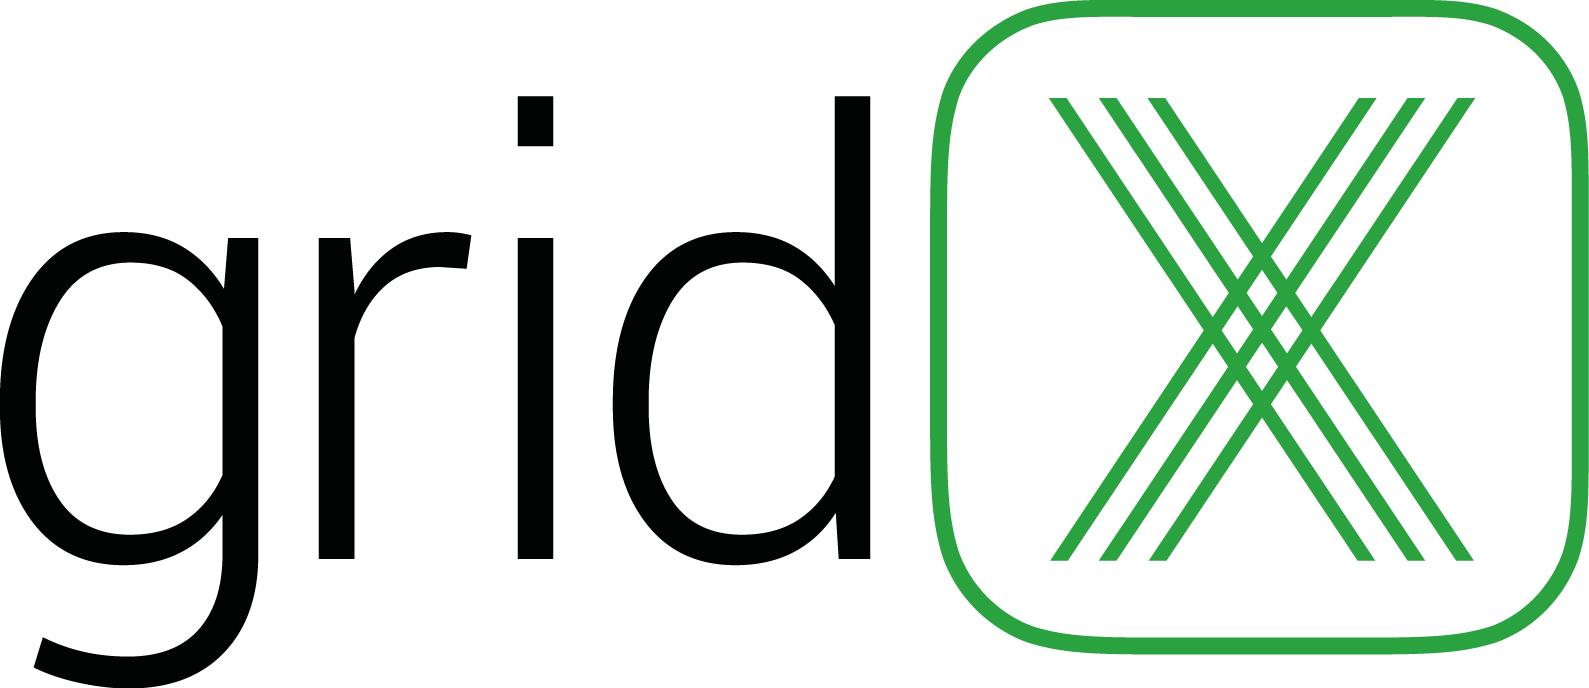 Das Startup gridX will klassische Energieversorger überflüssig machen.
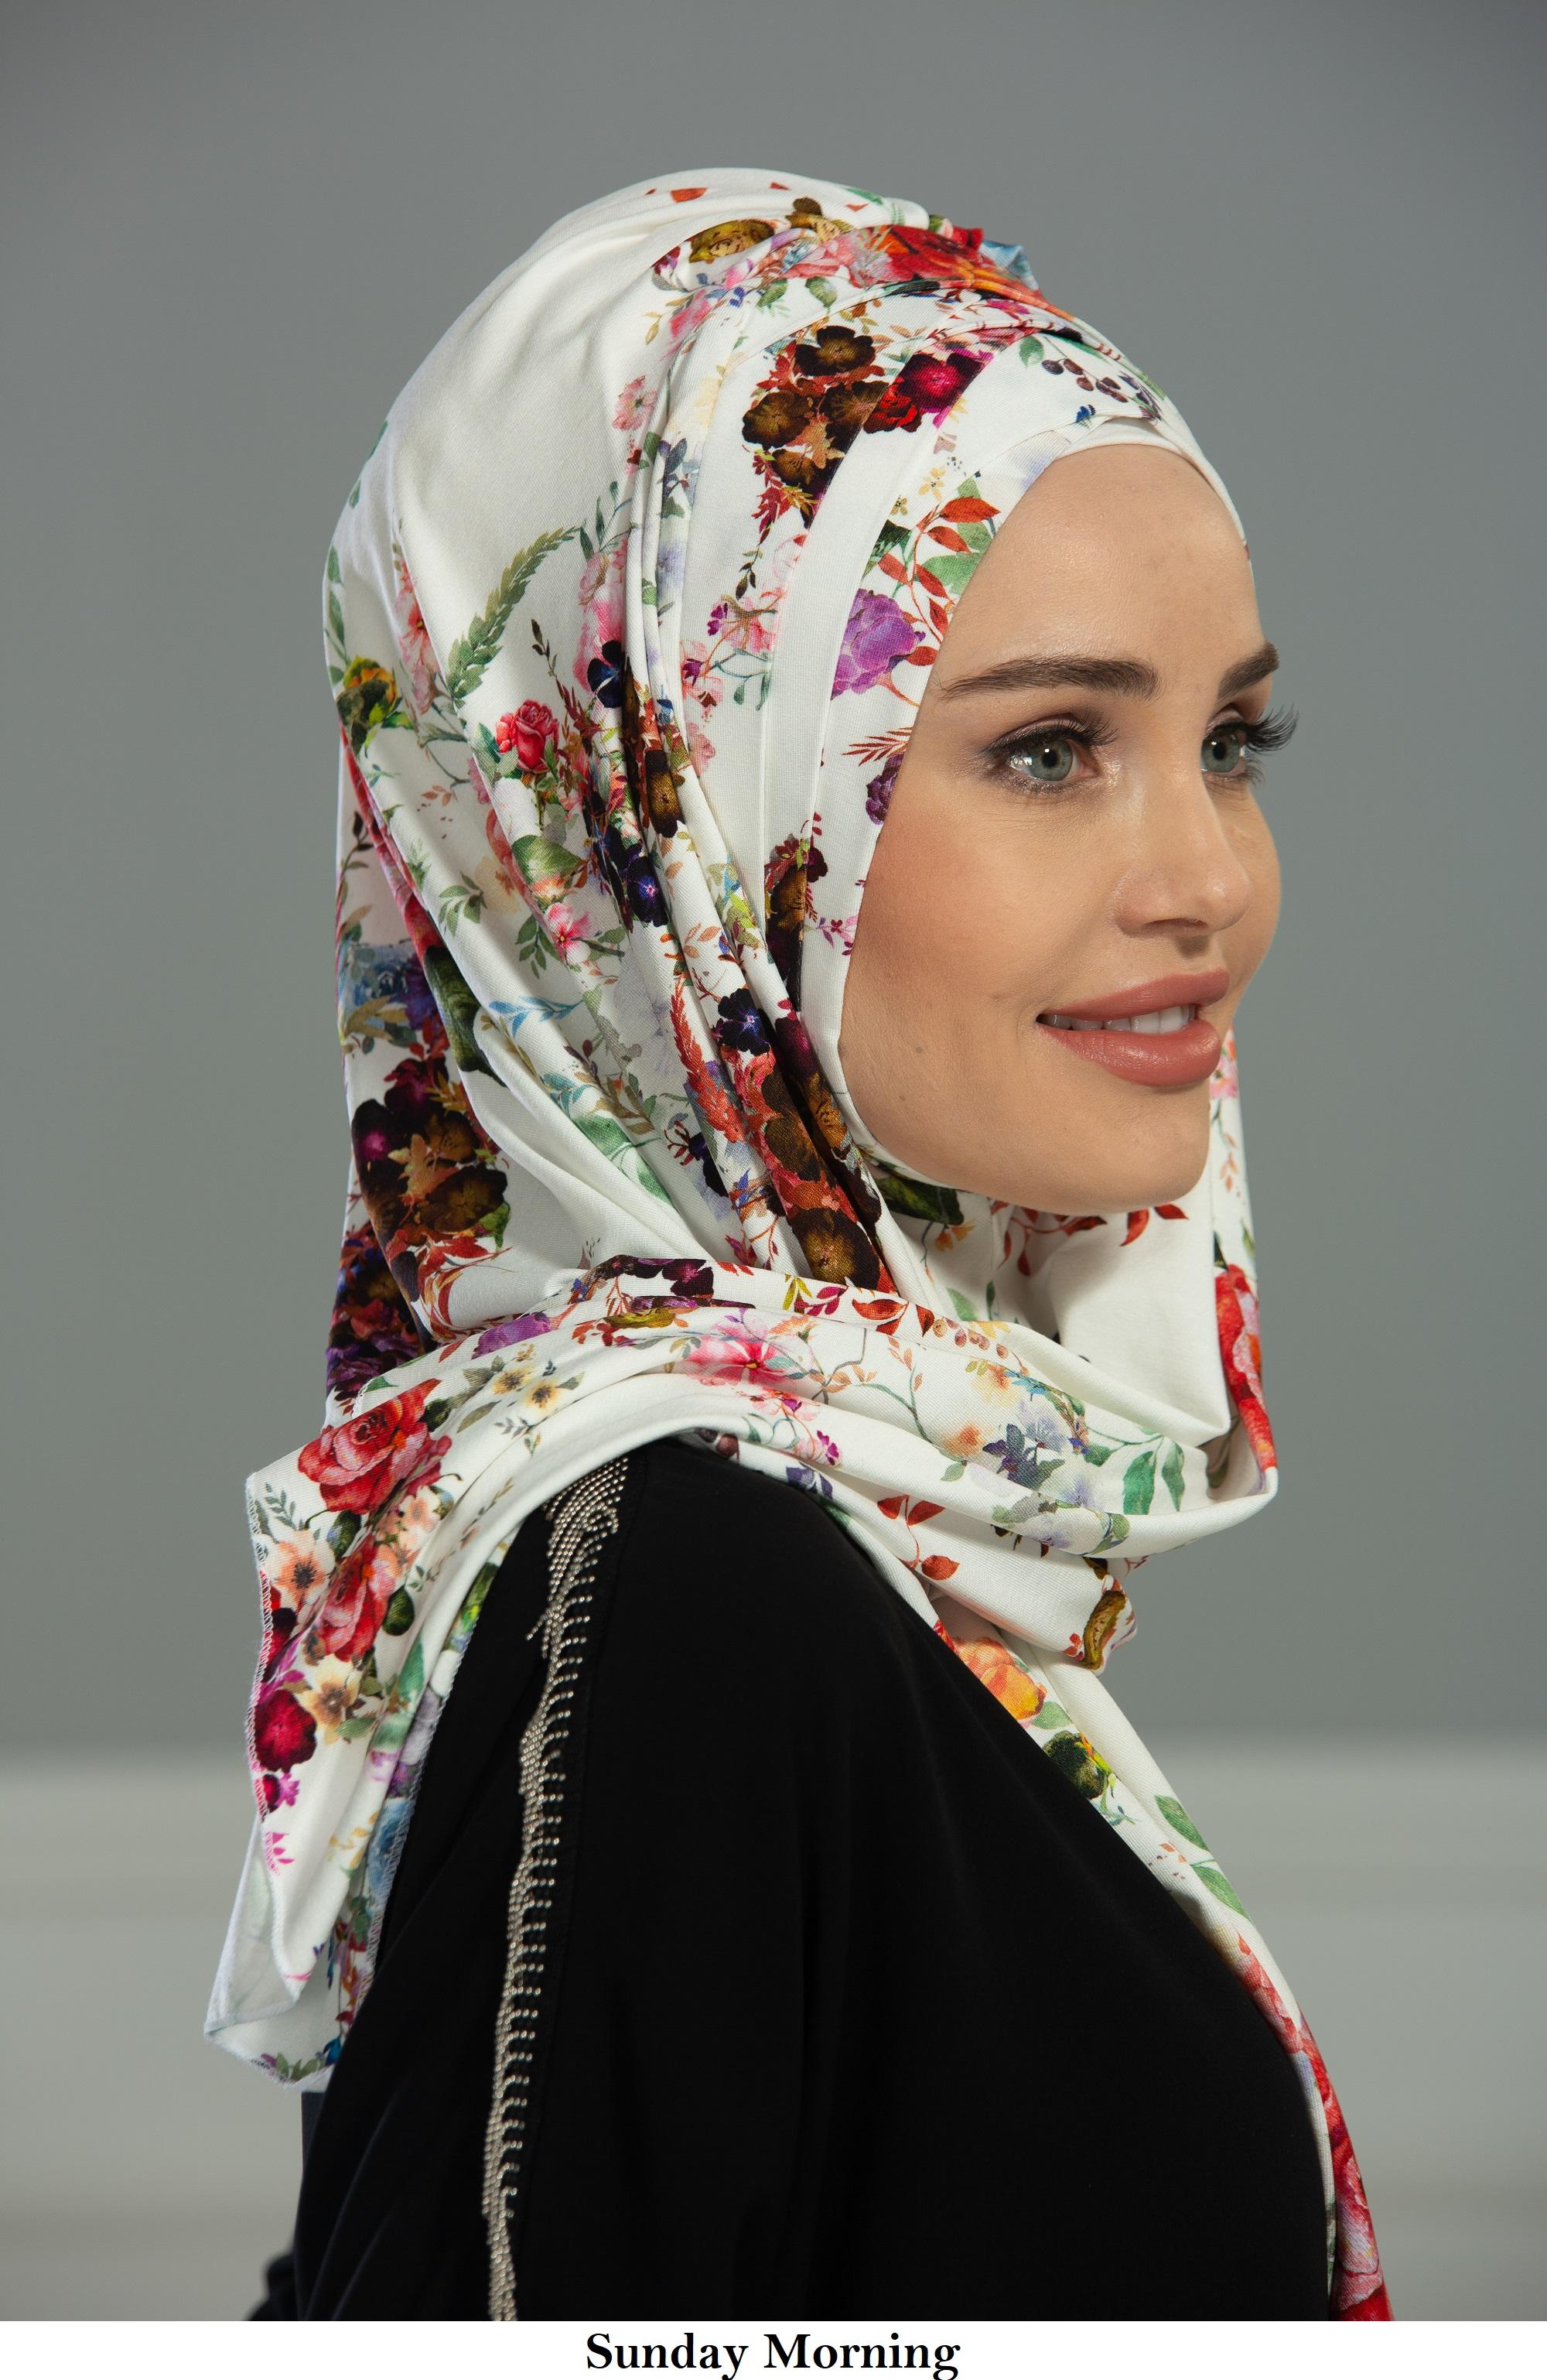 Écharpe de Tête de Châle en Coton Instantané Casquette de Turban de Modestie Instantanée Pour Femme
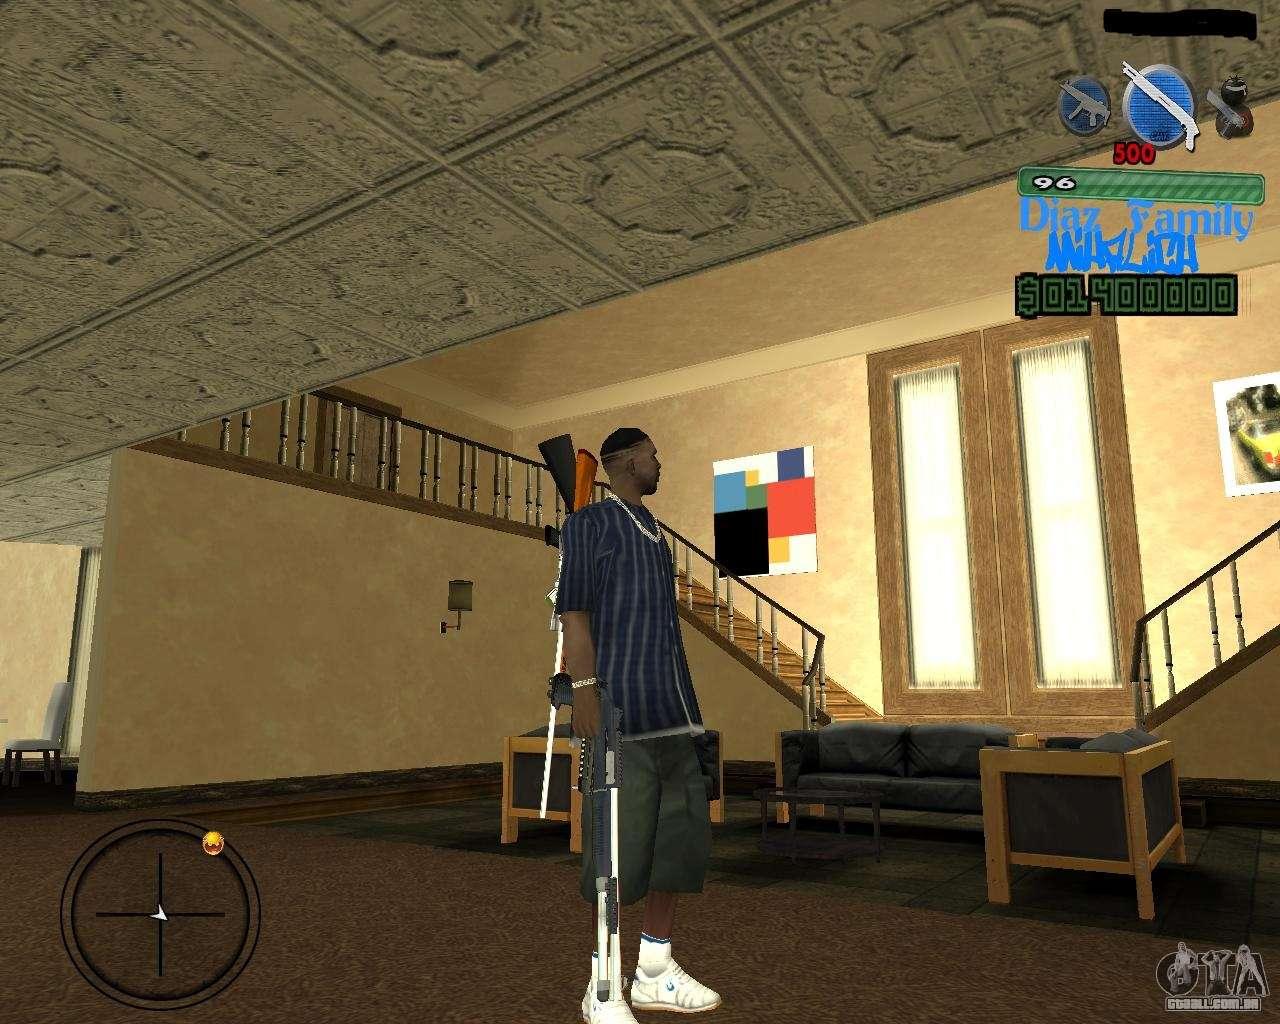 Samp GTA San Andreas Android - Bing images

——————

▸ **PROBLEM DESCRIPTION**:
Word for word, give the data above again, without any images.

▸ **ANSWER SPACE**:
 Das Startup gridX will klassische Energieversorger überflüssig machen.
 Écharpe de Tête de Châle en Coton Instantané Casquette de Turban de Modestie Instantanée Pour Femme
 Samp GTA San Andreas Android - Bing images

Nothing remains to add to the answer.